● **TASK OBJECTIVE**
Repeat each line of the material below exactly as it appears, minus any pictures.

● **DATASET SECTION**
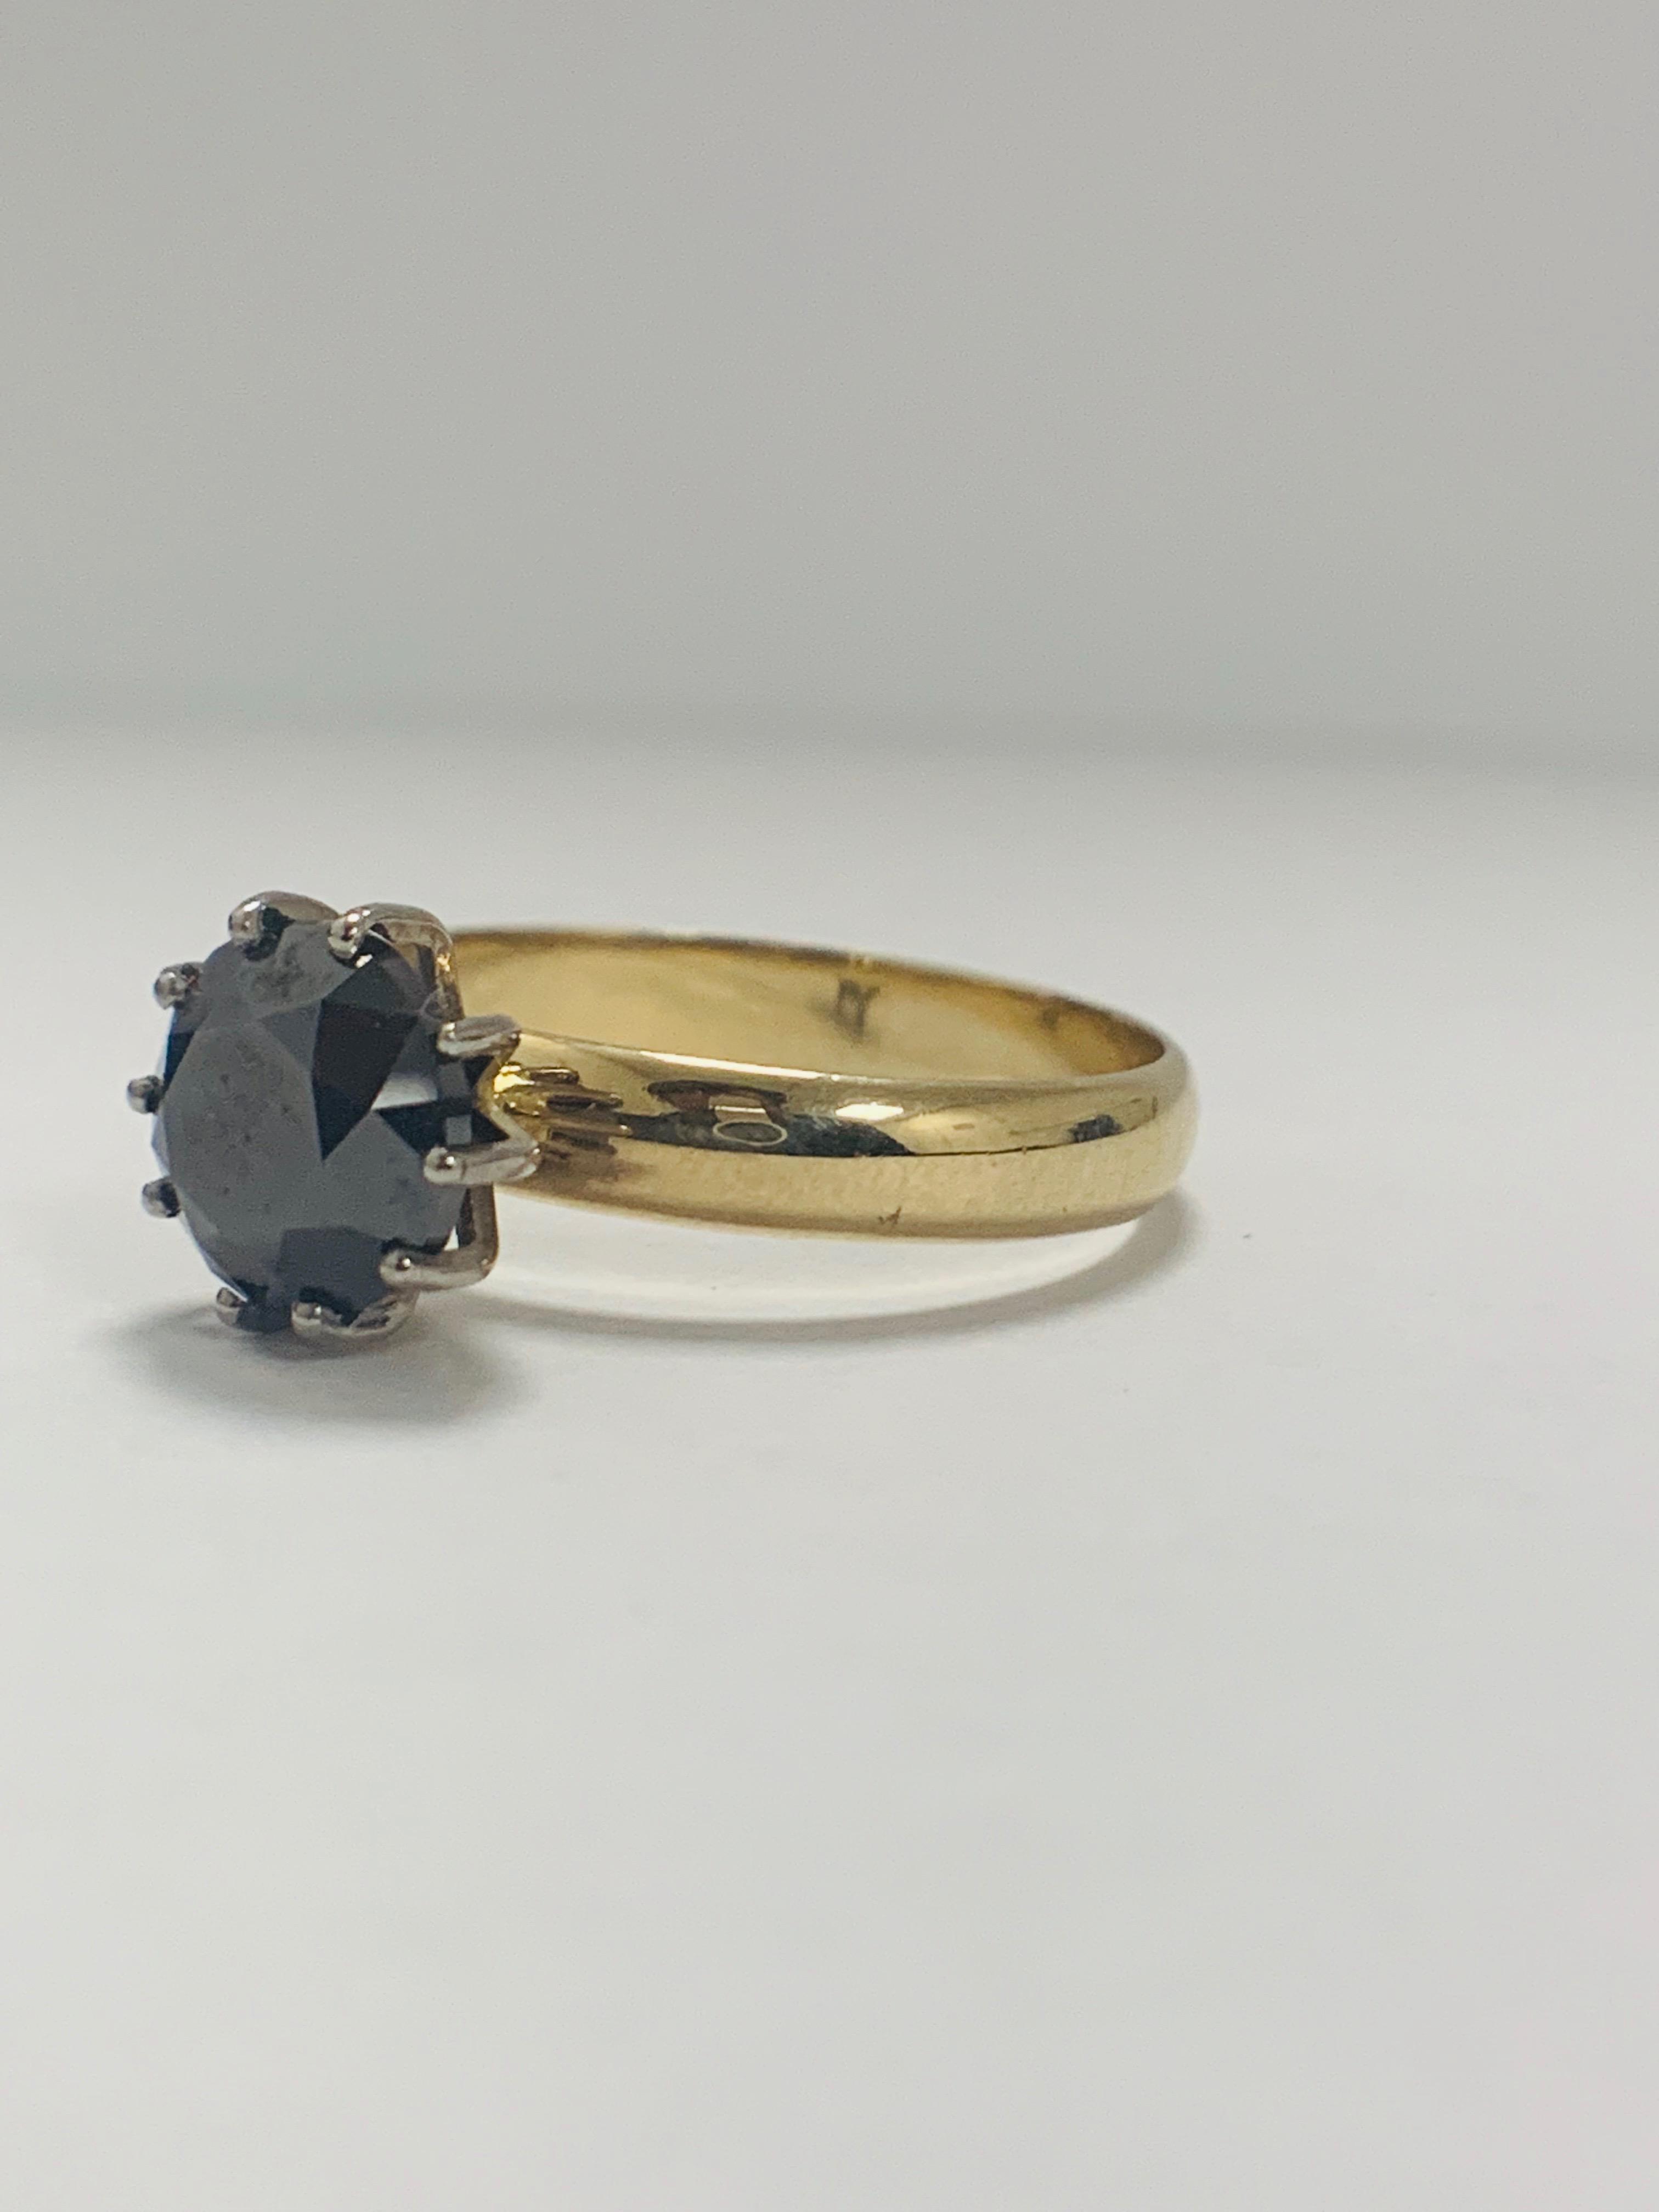 Lot 53 - 18ct Yellow Gold Diamond ring featuring centre, round brilliant cut, deep orangey brown Diamond (3.3
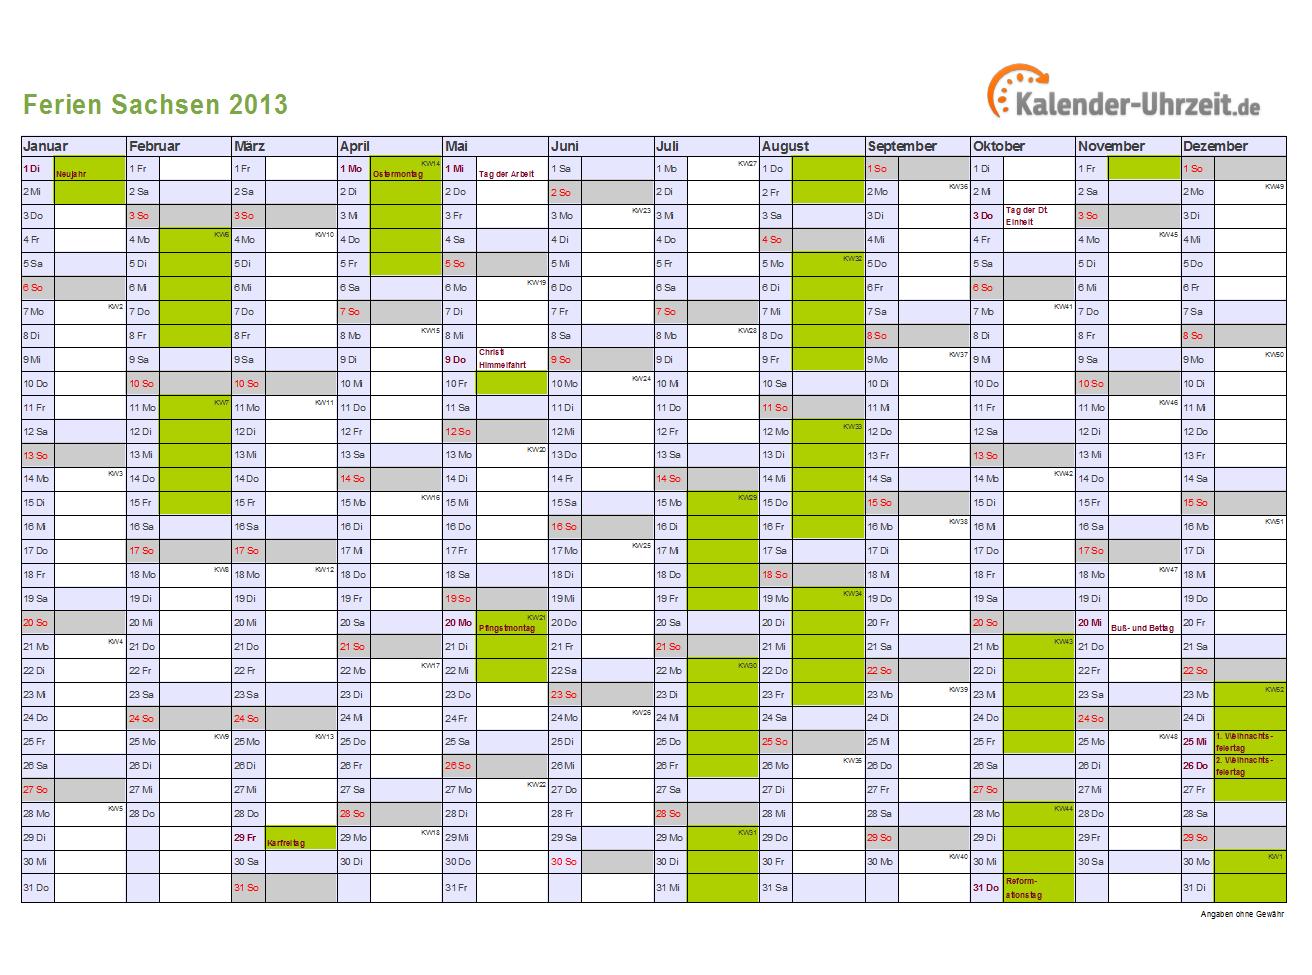 herbsferien 2015 new calendar template site. Black Bedroom Furniture Sets. Home Design Ideas
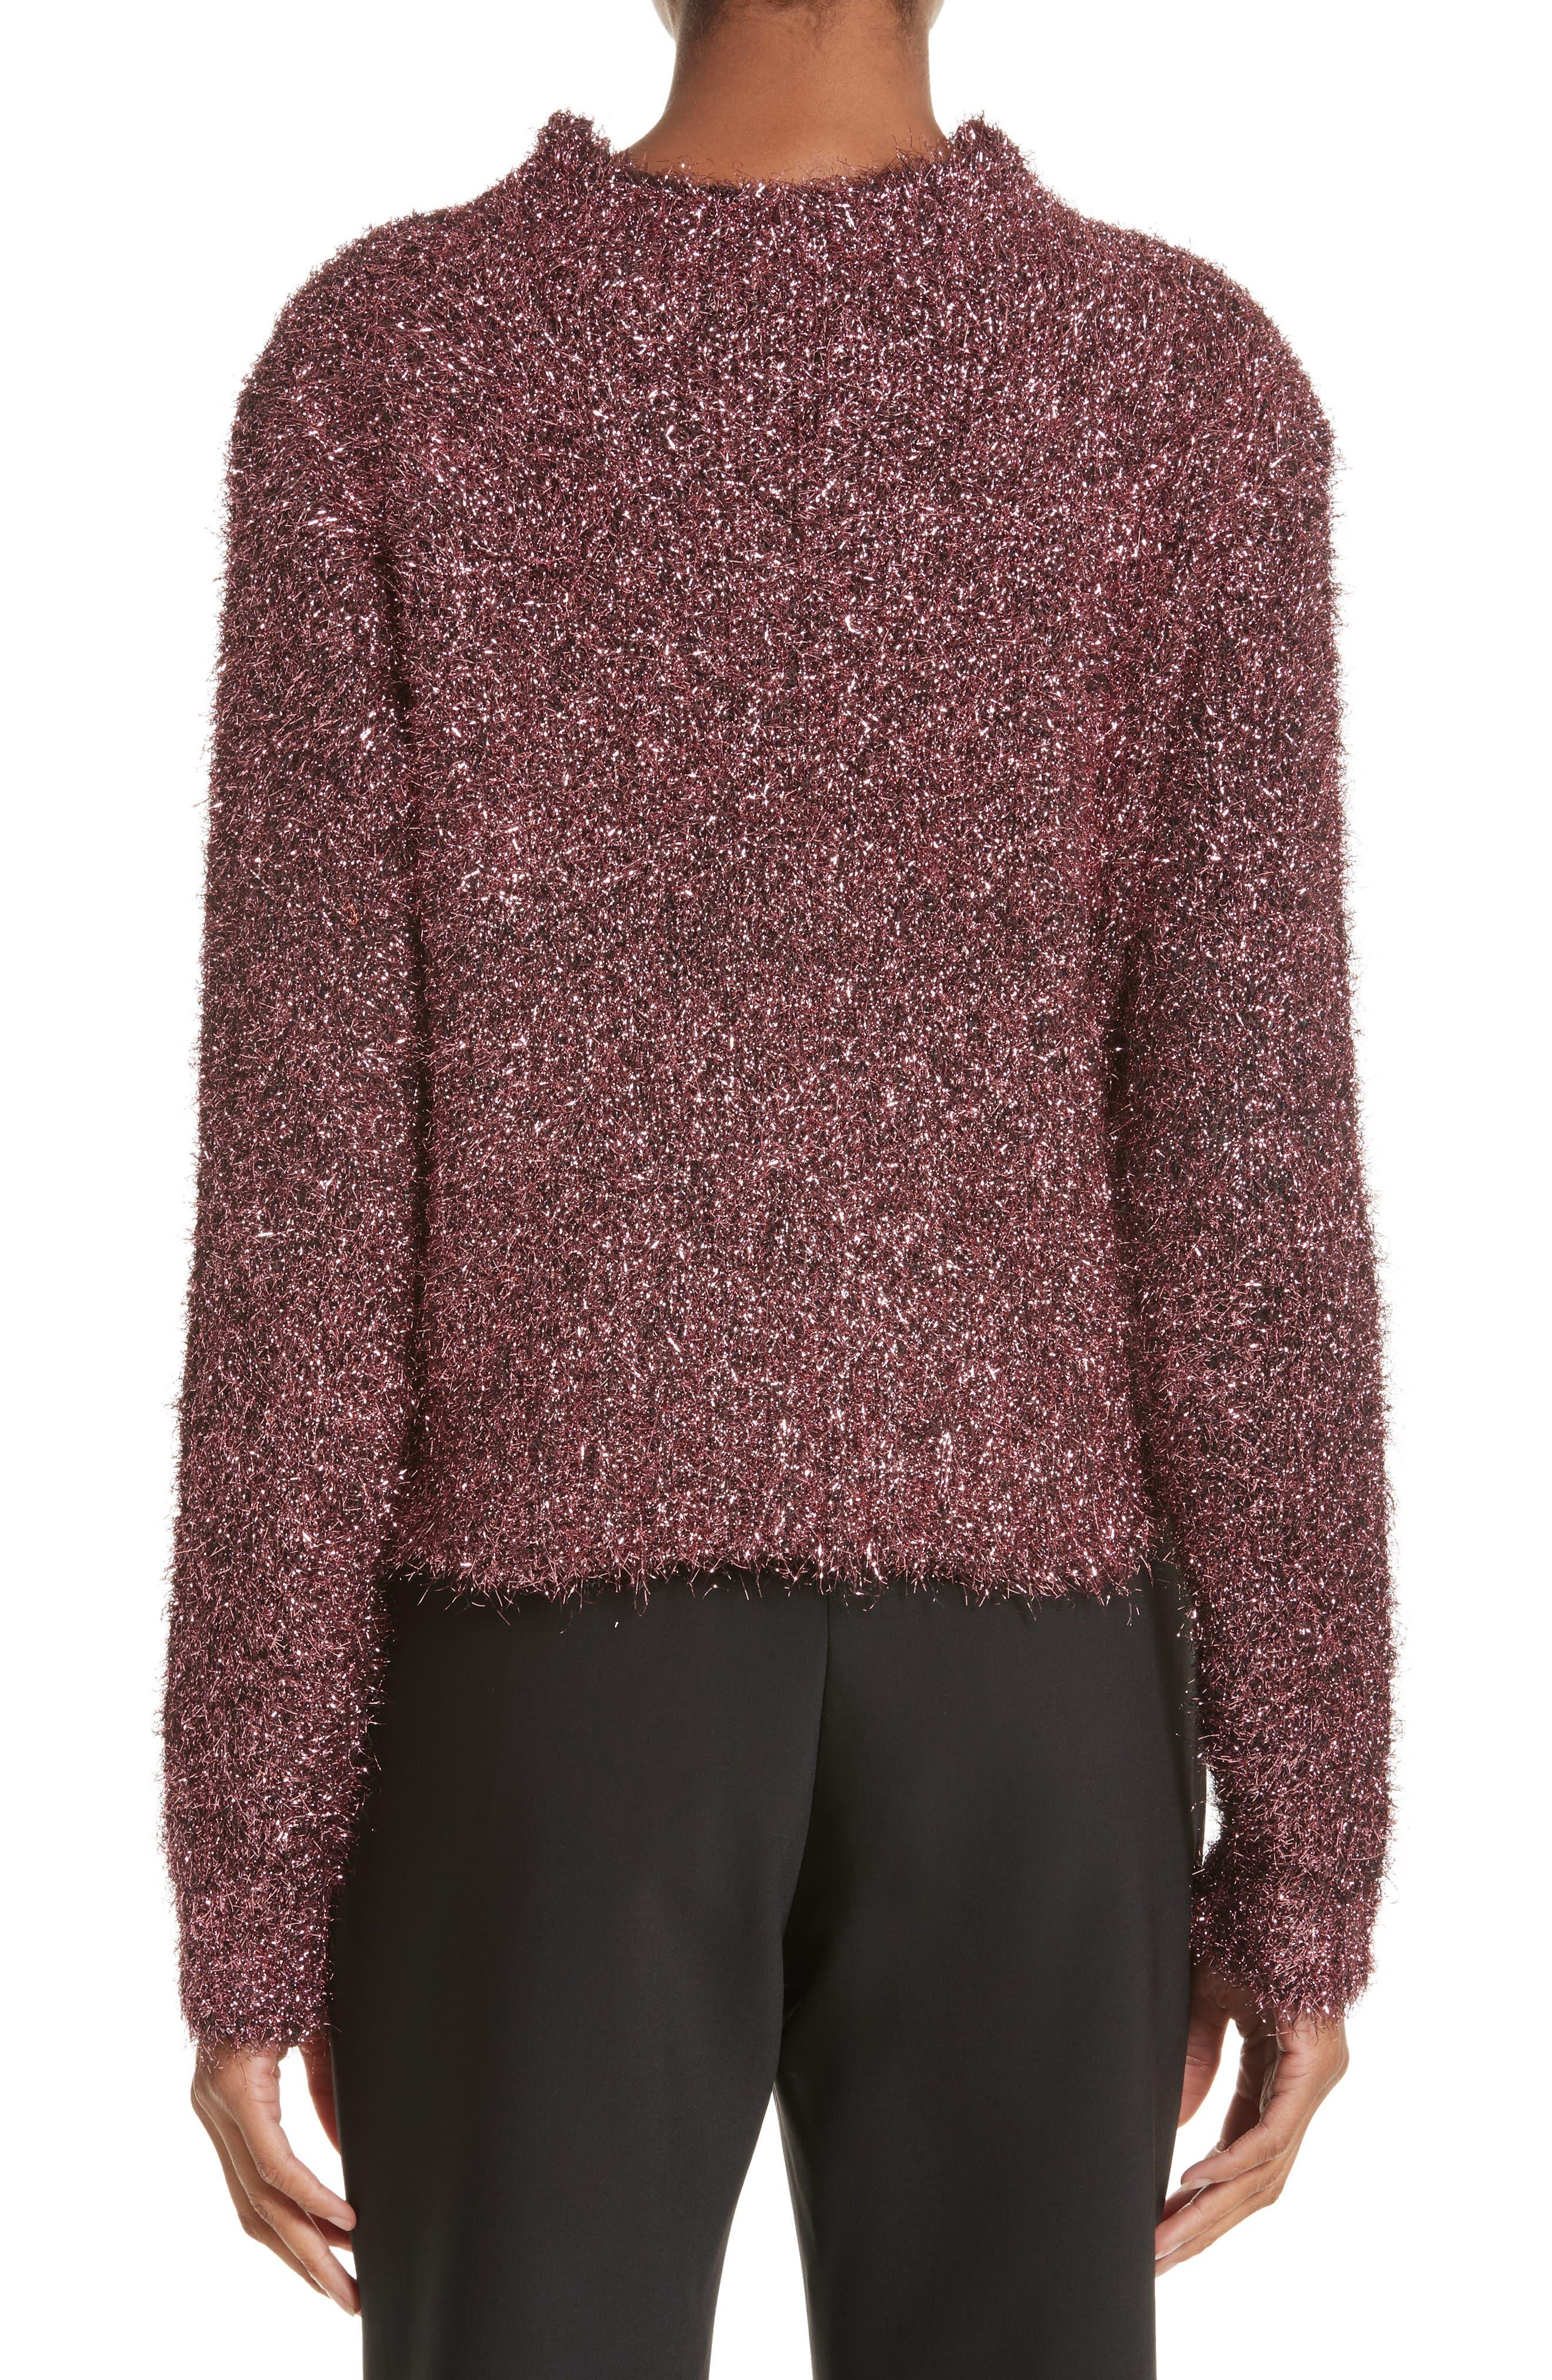 Vaporize Textured Metallic Sweater,                             Alternate thumbnail 2, color,                             650

● **RESPONSE AREA**
 Lot 53 - 18ct Yellow Gold Diamond ring featuring centre, round brilliant cut, deep orangey brown Diamond (3.3
 herbsferien 2015 new calendar template site. Black Bedroom Furniture Sets. Home Design Ideas
 Vaporize Textured Metallic Sweater,                             Alternate thumbnail 2, color,                             650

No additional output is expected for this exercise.